The tomatoes I expected to come back, but I also grew my pineapple tomatillos in the greenhouse last year, and this year I got so many volunteers I did not even replant. (See photo above.) In fact, they already have fruits, which is very early indeed. One thing you have to be aware of is that nightshades have very toxic family members, so be careful to make sure that what has been created is not a cross with, say, deadly nightshade. So far, my tomatillos look normal, but until I see the actual fruit mature, I won’t be certain they are edible.

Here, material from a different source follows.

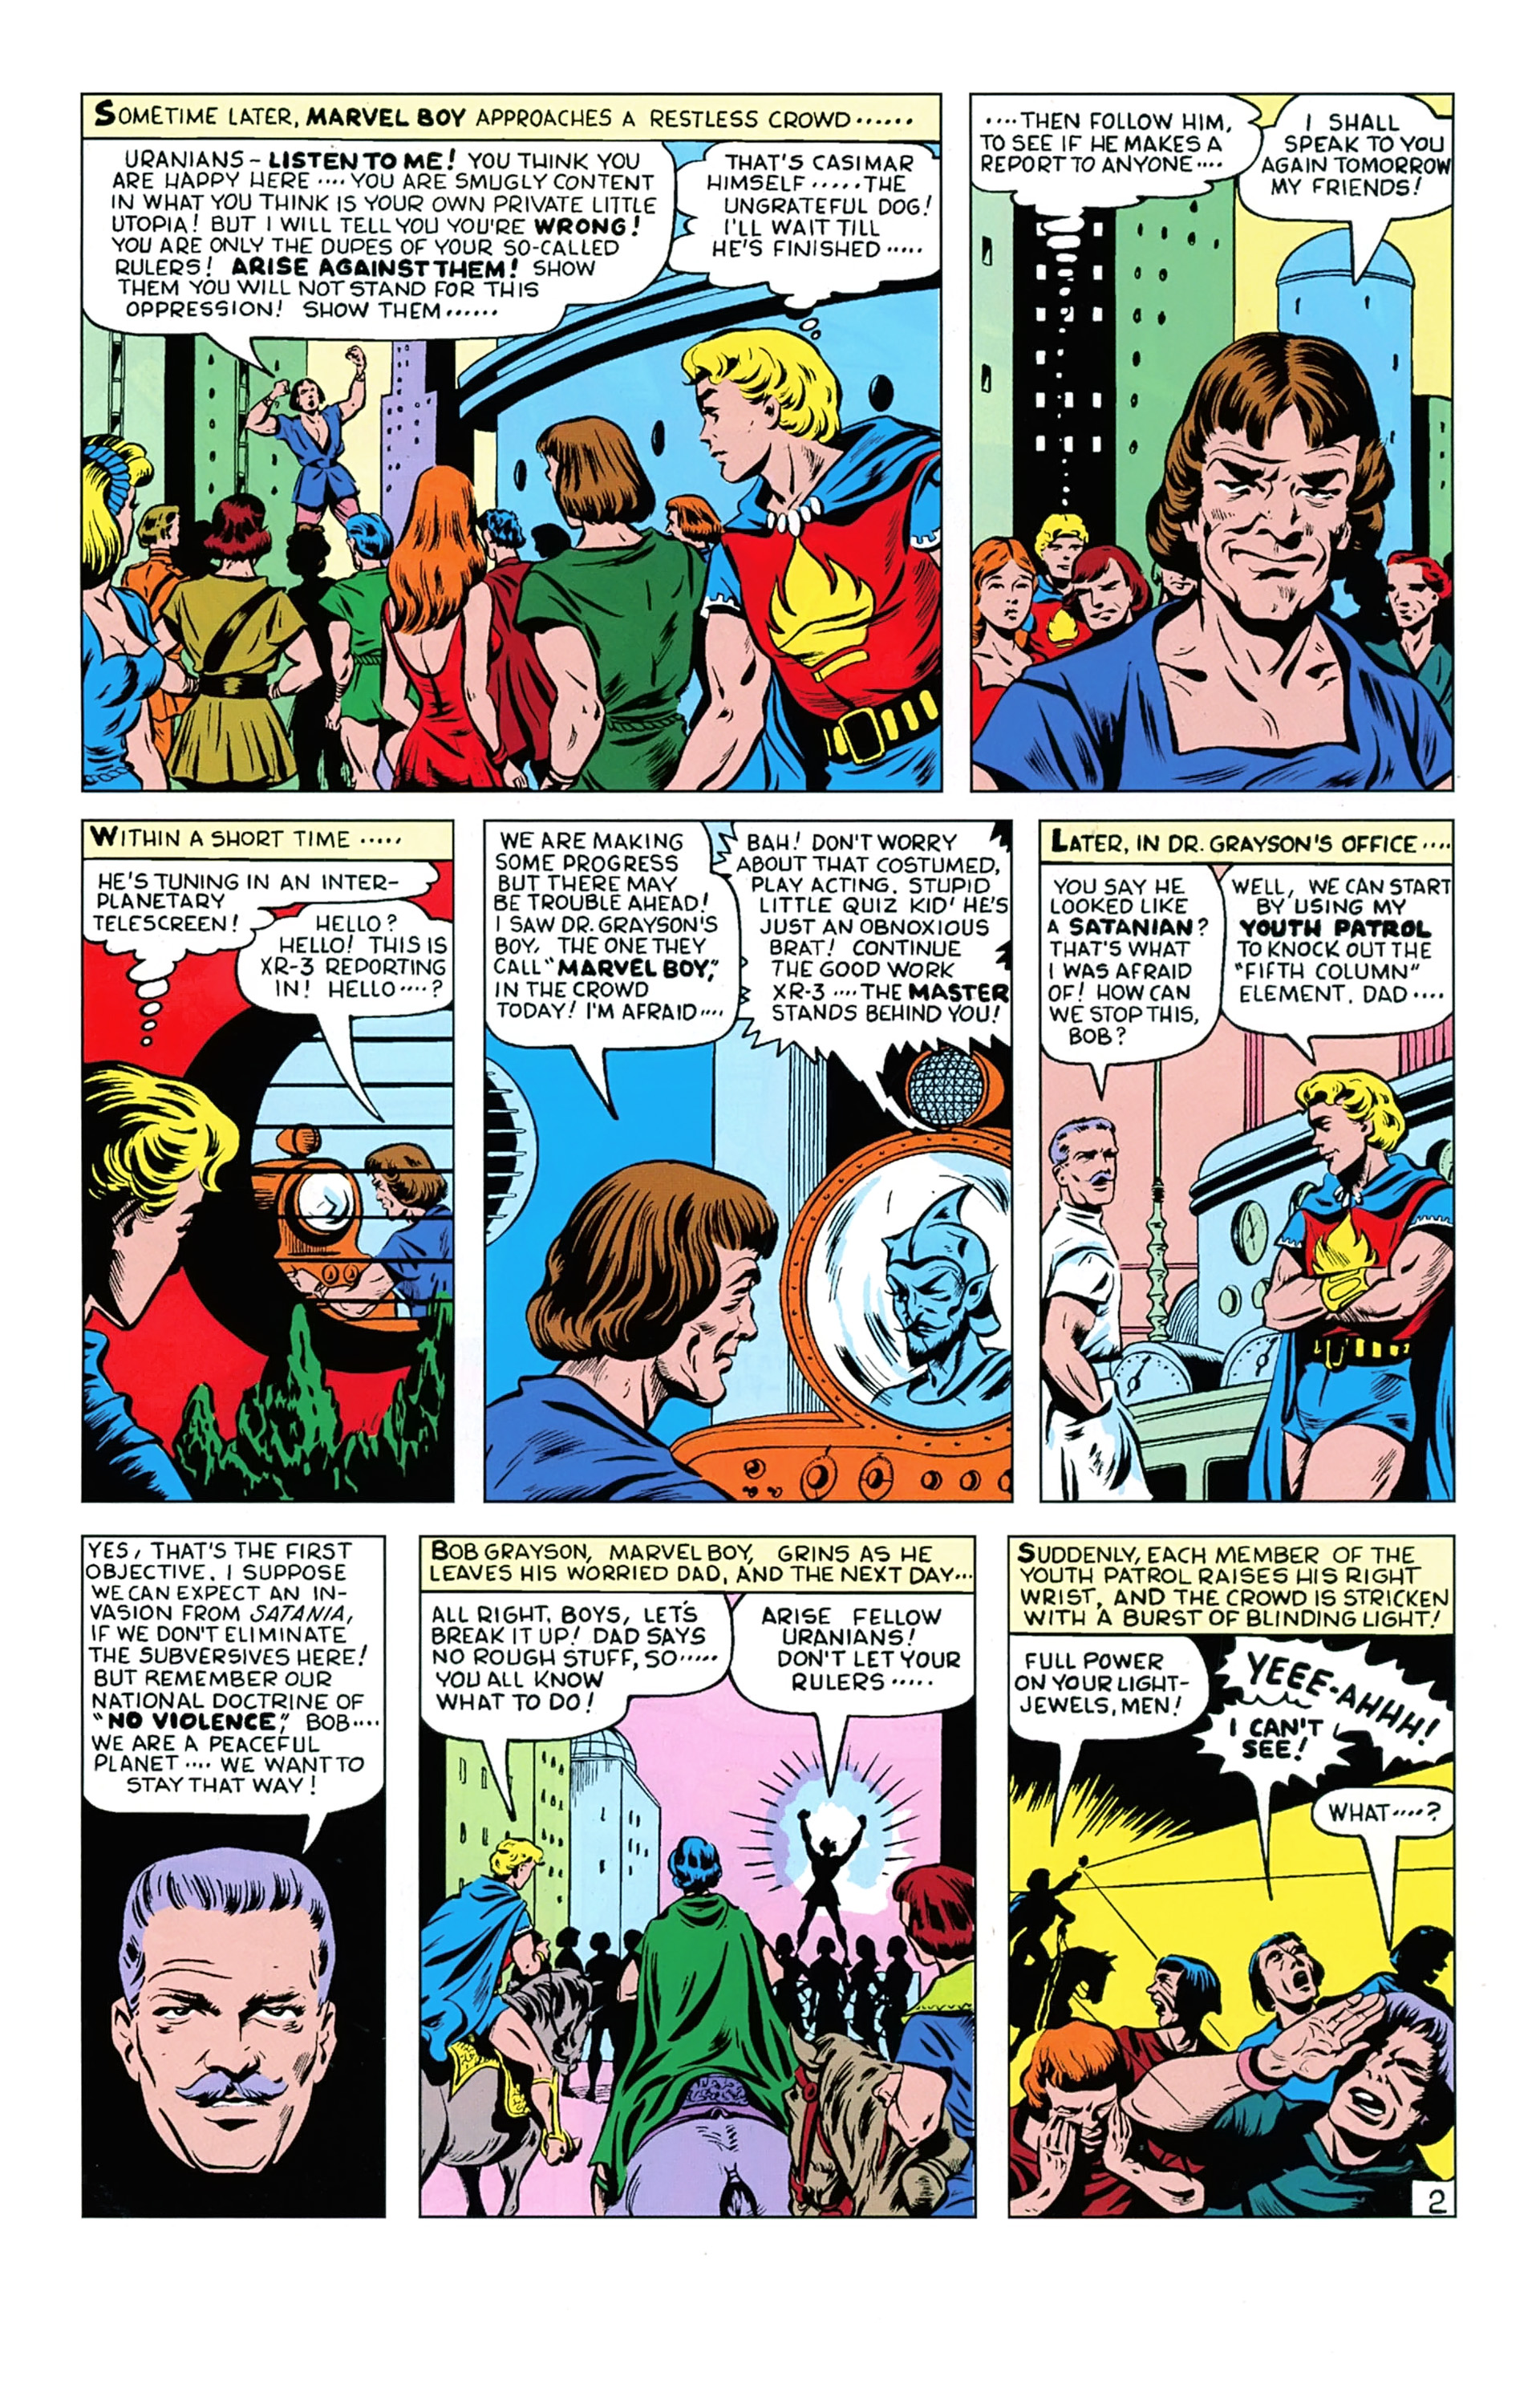 Read online Marvel Boy: The Uranian comic -  Issue #1 - 39
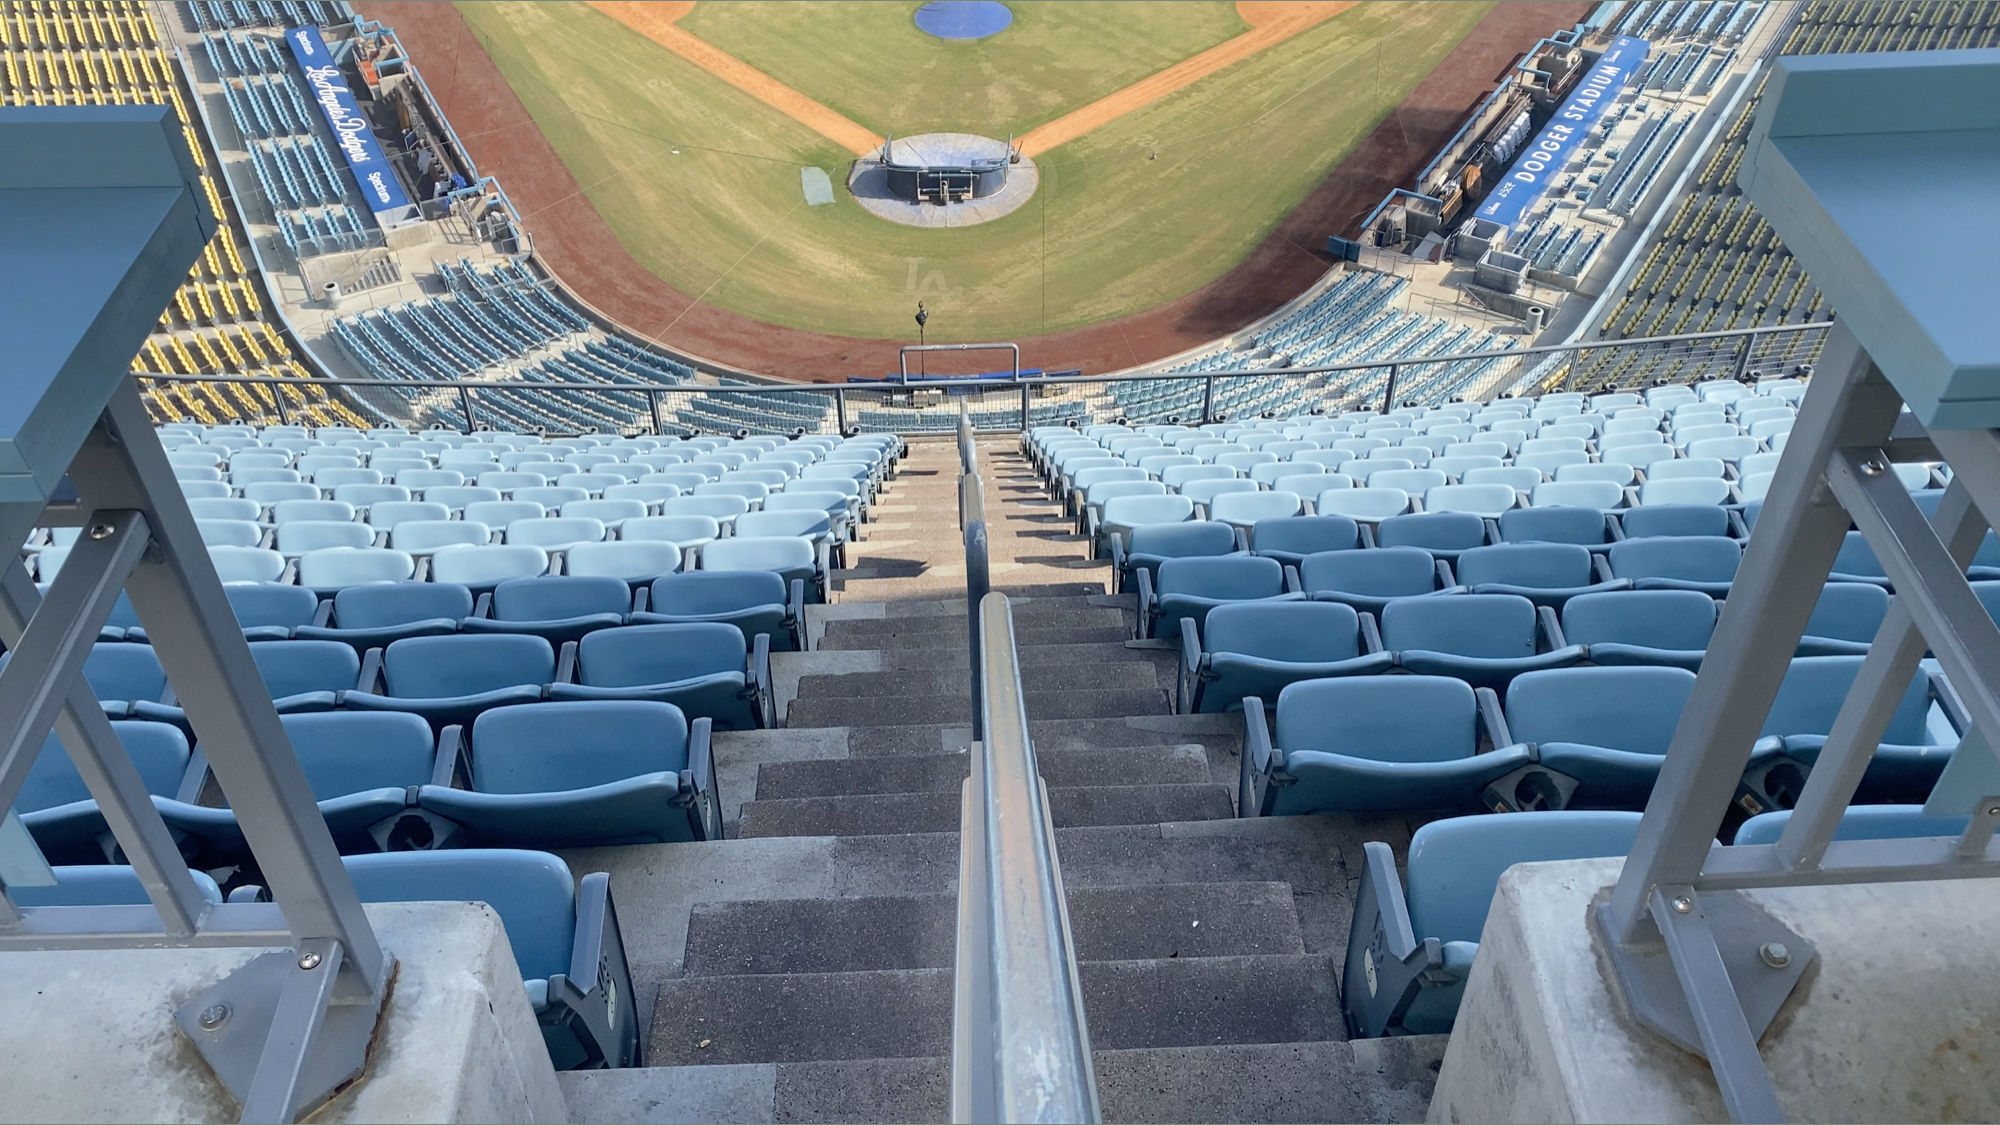 Dodger Stadium View from Top Deck

What was so unusual this year, however, were three flowers that I never would have expected to reseed: celosias, portulacas, and petunias. I have gobs of them, and they are in full bloom. The portulacas I grew last year were not hybrids, and they occasionally do reseed under good conditions. But the petunias and celosias were hybrids, so their flowers are not the same as in their hybrid form, and will probably produce sterile seeds this year, which is typical with hybrids. Or else they revert to a really basic, almost wild form. In any case, I have much earlier flowers this year without the work or cost of seed, and they are lovely, so I am glad I saved them.
I guess the last point I have to make that has me more than mildly concerned is availability of future seeds. For the past several seasons, varieties that I have grown for years are becoming less and less available. I always grow purple cauliflower—Violet Queen—which was not to be found this year. It has been several years since Rosalind purple broccoli has been available, and this year pearl cucumbers—probably the most tasty and productive (white) cucumber on the planet seem to have disappeared. I find these trends disturbing, which is another reason I have started to save the volunteers. If the situation gets much worse on this planet, saving our own seeds may be the only means for us to escape starvation.
In the first photo you see some volunteer red mustard. Next are pots of petunias, celosias, a tomato, and a very lanky tomatillo. In the third photo is a wealth of portulacas. Below are currant tomatoes, considered wild (their leaves are quite distinctive), and a true gene-pool variety, along with a stray collard green.